++++ DATA SECTION
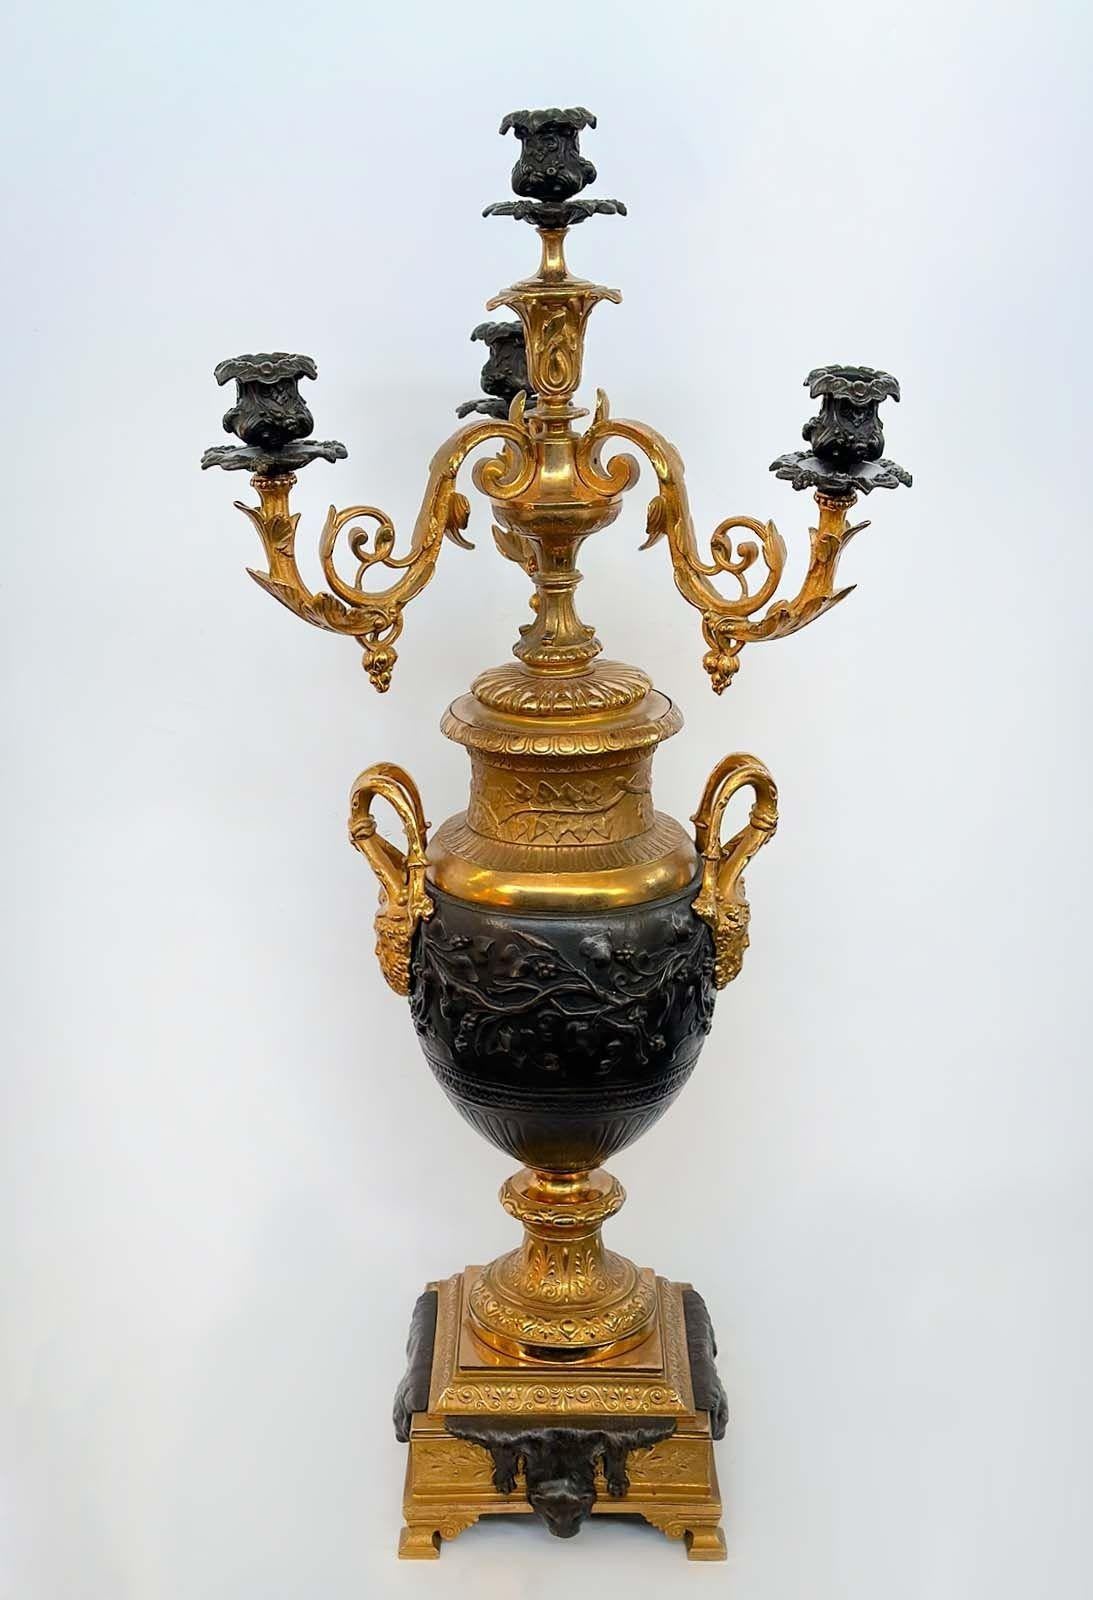 Paar vergoldete und patinierte Bronzekandelaber mit vier Lichtern im Stil von Napoleon III. Hergestellt in Frankreich, Ende des 19. Jahrhunderts. Die filigrane Verarbeitung verleiht jedem Raum eine besondere Ausstrahlung.
Abmessungen:
29,25
++++++++
— EXERCISE REQUIREMENTS —
Return a verbatim transcription of the data, omitting all images.

— WRITTEN RESPONSE —
 Paar vergoldete und patinierte Bronzekandelaber mit vier Lichtern im Stil von Napoleon III. Hergestellt in Frankreich, Ende des 19. Jahrhunderts. Die filigrane Verarbeitung verleiht jedem Raum eine besondere Ausstrahlung.
Abmessungen:
29,25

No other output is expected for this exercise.